[Collected data]

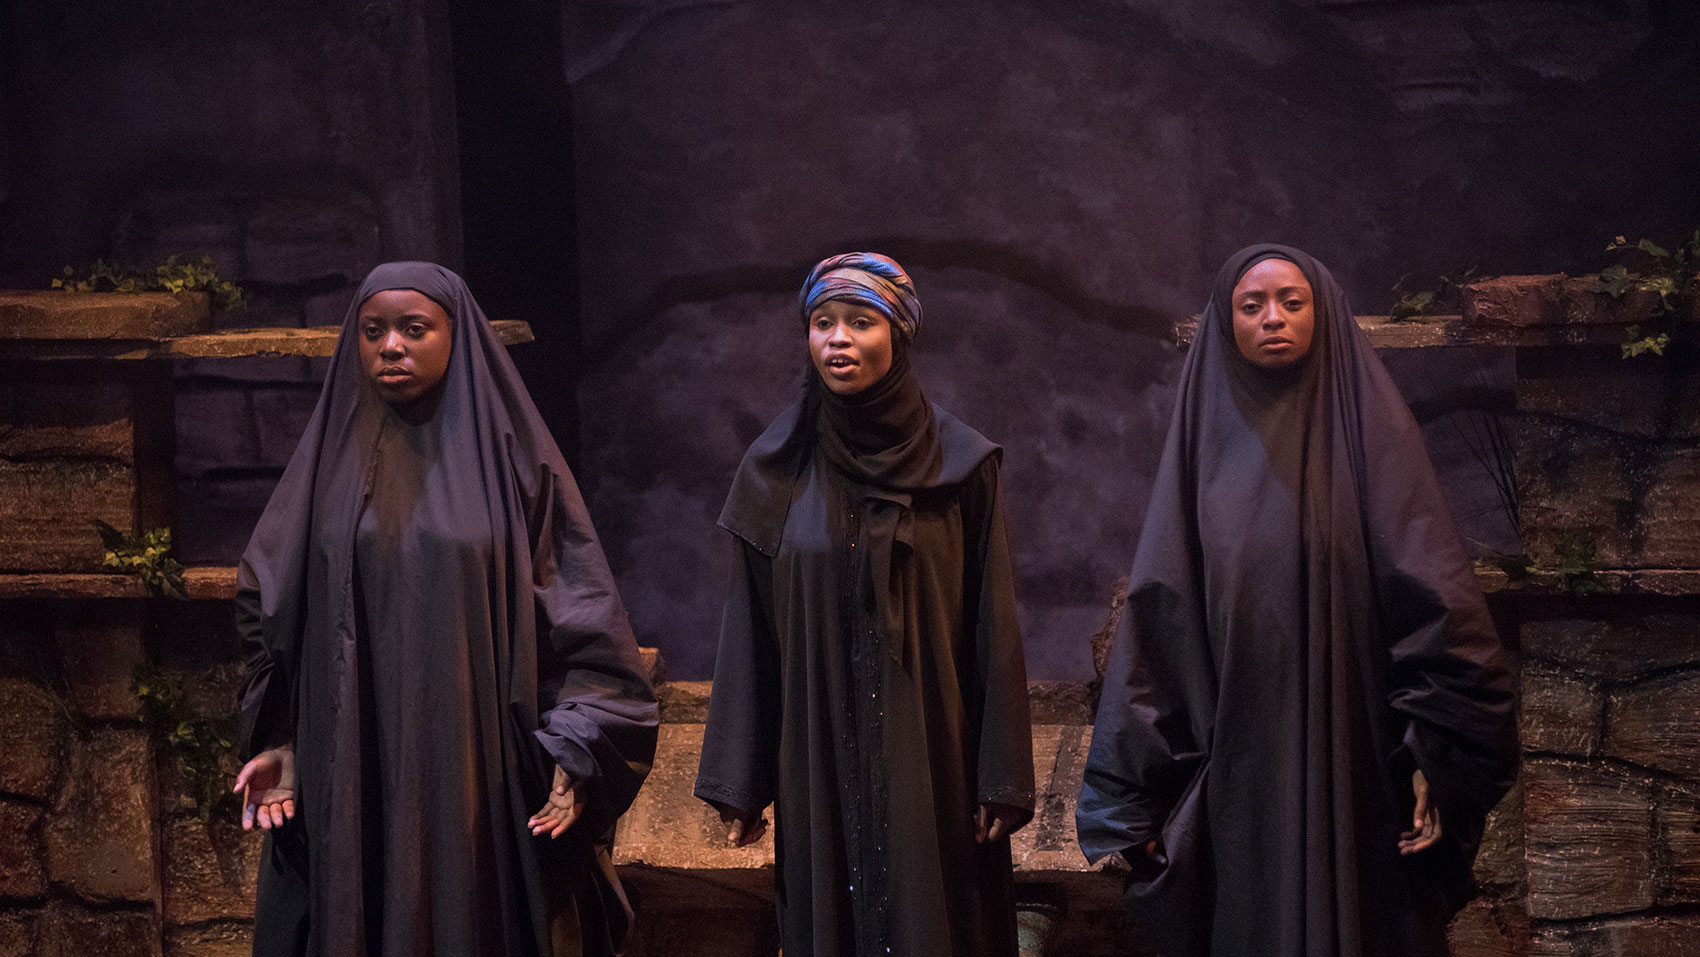 Three woman stand onstage in black, full-length body coverings, two with their hair covered by these coverings while one woman in the middle wears a colorful headscarf and is speaking. 
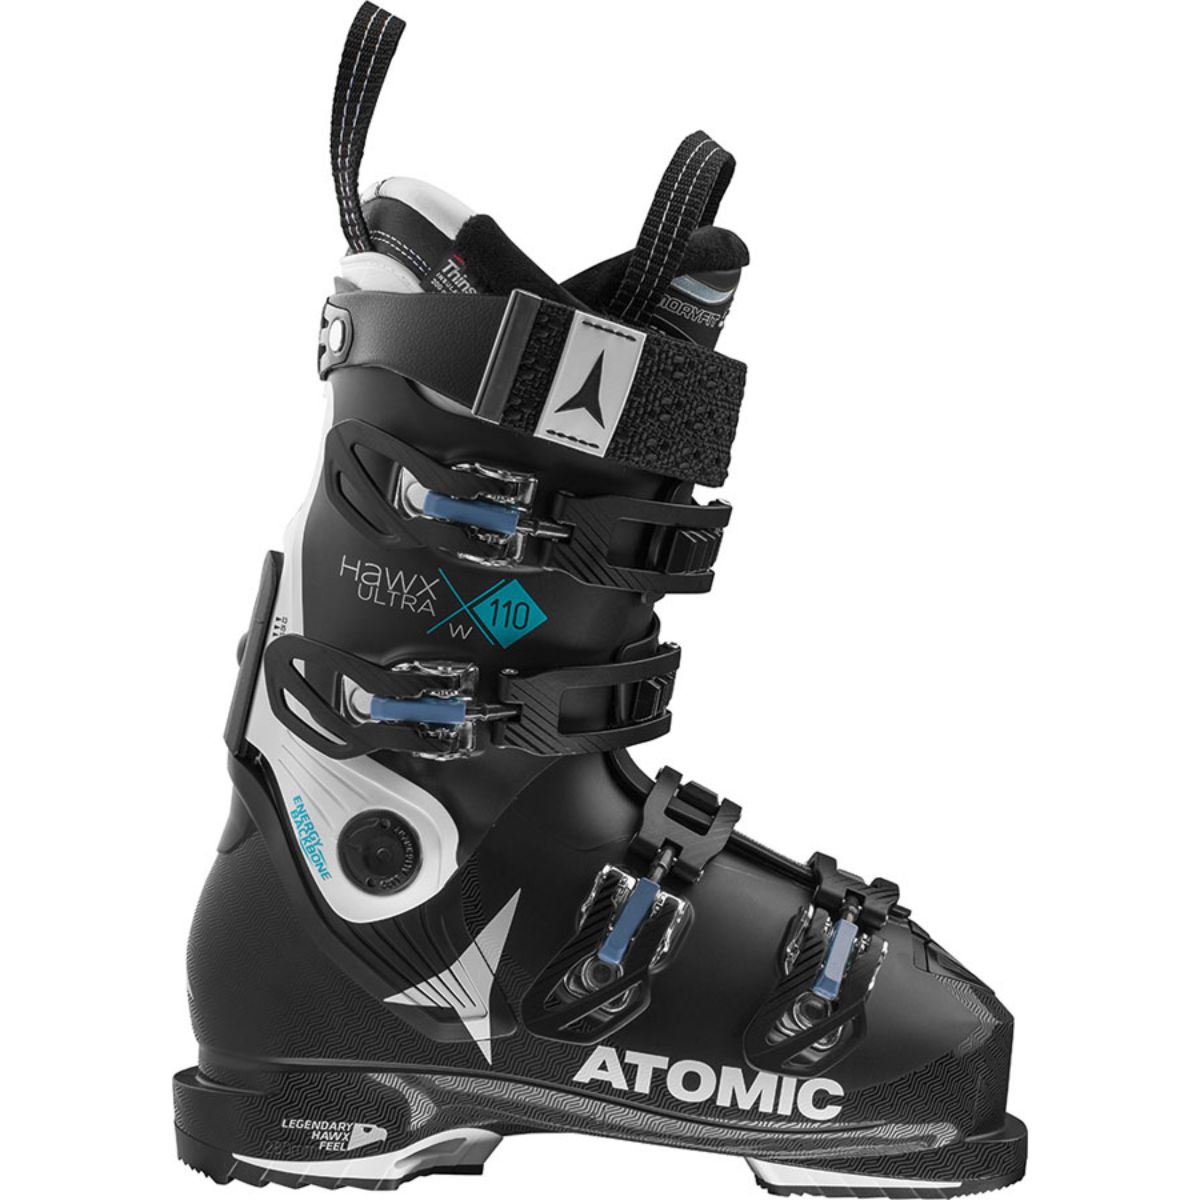 Ski Boot Heels And Toes Set Atomic Hawx Ultra And Prime 2018 on 
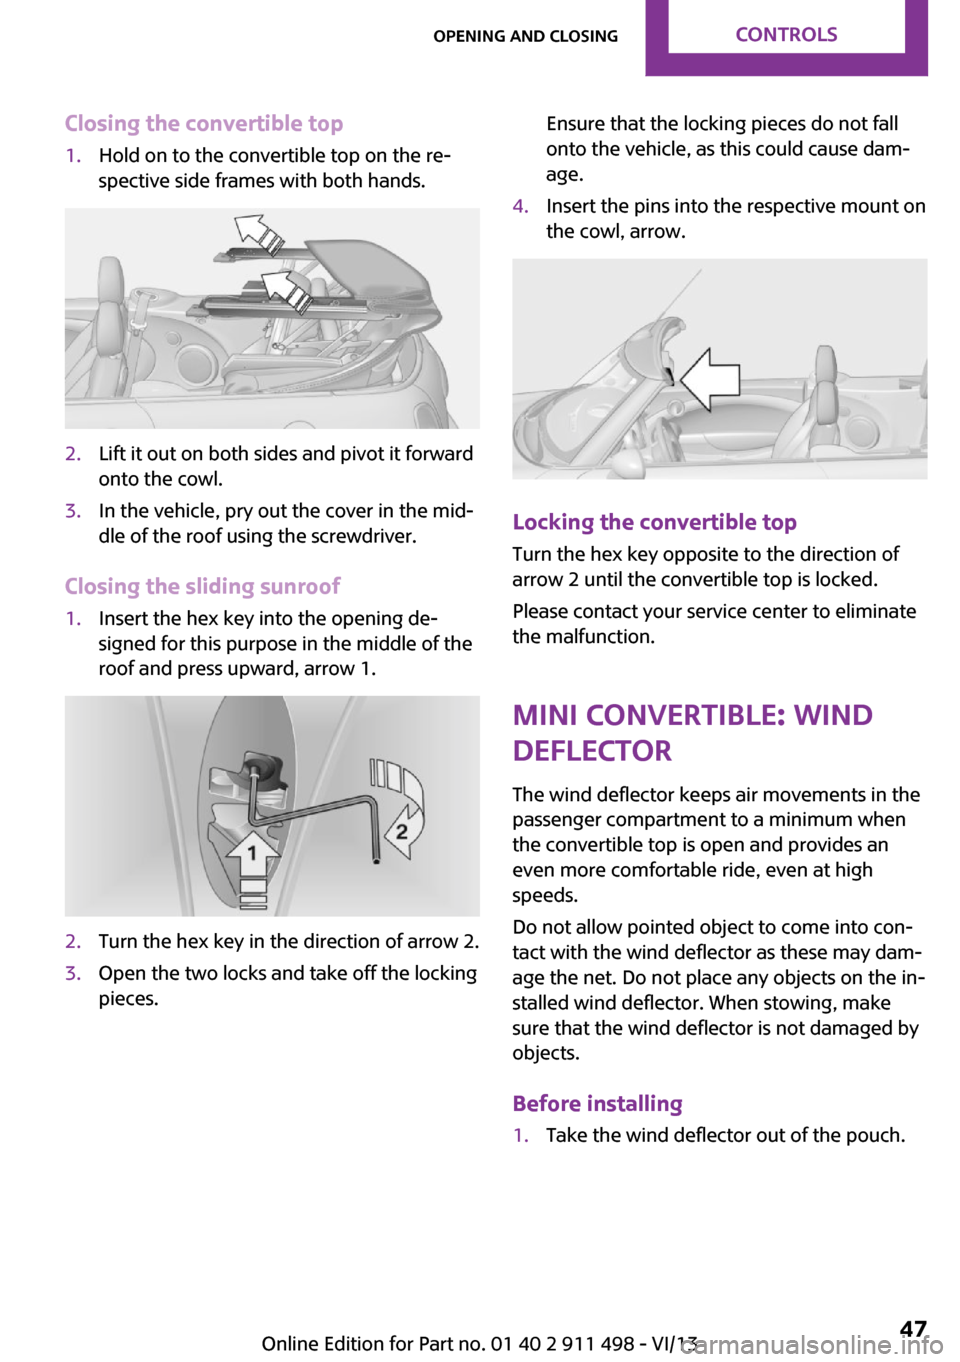 MINI Roadster 2014  Owners Manual (Mini Connected) Closing the convertible top1.Hold on to the convertible top on the re‐
spective side frames with both hands.2.Lift it out on both sides and pivot it forward
onto the cowl.3.In the vehicle, pry out t

:: Task requirements ::
Once the line holding "MINI Roadster 2014" is found, set it down along with every line after it through the end of the entries, exactly, leaving the pictures out.

:: Response to the exercise ::
 MINI Roadster 2014  Owners Manual (Mini Connected) Closing the convertible top1.Hold on to the convertible top on the re‐
spective side frames with both hands.2.Lift it out on both sides and pivot it forward
onto the cowl.3.In the vehicle, pry out t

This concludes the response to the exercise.